It's not a matter of one department, it's a matter of culture which starts from the top. Jobs insisted on perfection, and that permeated the entire organisation. Cook is satisfied with gimmicks and is contented to just coast on the reputation Jobs earned. He just doesn't have the personal stake Jobs had, he's a manager not a leader. Just like the iconic HP was never the same once Fiorina took over.
Yep. Same with Yahoo! and Marissa Mayer. Women get blamed more frequently than men when a company is failing [0]. They are also more likely to become CEOs when a company is already in trouble [1].
Marissa Mayer was a terrible CEO. Period. She was responsible for a string of 48 (!) (mostly) terrible acquisitions[1], banning remote working[2] and wasting
company money on things like motivational books[3] or lavish parties[4].
She is getting more flak than the other terrible CEOs, but IMO it isn't caused by the fact that she's a woman. At least not directly.
Back when she was appointed as a CEO, media were treating her like a second coming of Jesus (which probably indeed was caused by her gender, she was a perfect role model for feminists). That set expectations bar really high, and when she failed to deliver, people turned against her.
Could it be that the amount of bugs have exploded with the ever-growing complexity of their software combined with an unsustainable pace to guarantee solid, reliable software?
It seems like a house of cards right now, and it will only get worse as they keep having the next crunch time just to deliver on an arbitrary management deadline...

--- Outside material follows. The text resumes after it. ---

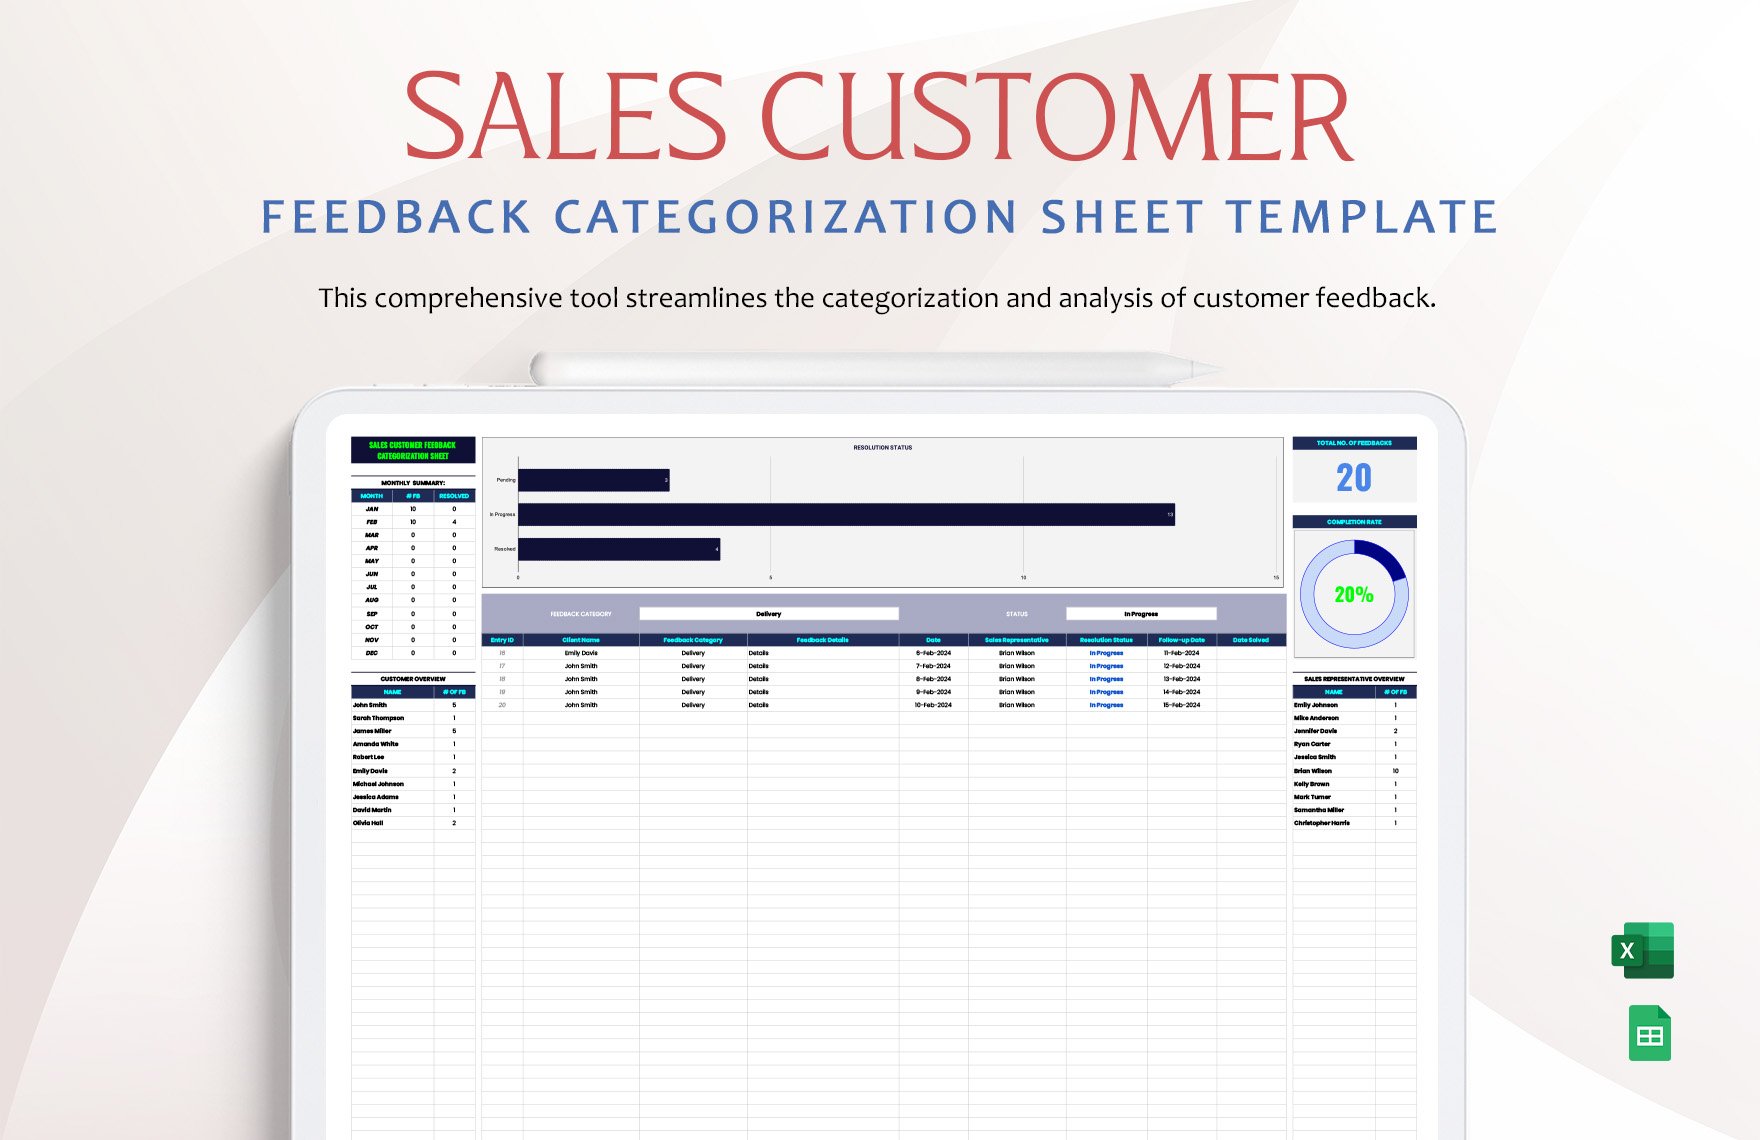 Sales Customer Feedback Categorization Sheet Template in Excel, Google Sheets

Most of the iOS ui SpringBoard bugs are due to them rewriting the codes in Swift. Many Autolayout bug. Music app can’t even align the play button at center. Also Craig Federighi is busy with Siri, and busy shooting down Note 8 in social media. I was annoyed when the text replacement bug took one beta to solve, where the Calculator bug took 5 or 6 releases to solve. And the third reason is they expect users will actively test iOS for them. With so many bugs surfaced in media and in released version, my guess is no one is telling them the bugs during beta. Another reason is iPhone X is iPhone fragmentation with different home screen UI. You’re are right this will introduce complexity to the code base. I’m thankful for the touchbar in MacBook Pro and the notch design in X, both I dislike. This make me realise the many good points in other platform. Sort of like bursting my Apple fanboy bubble.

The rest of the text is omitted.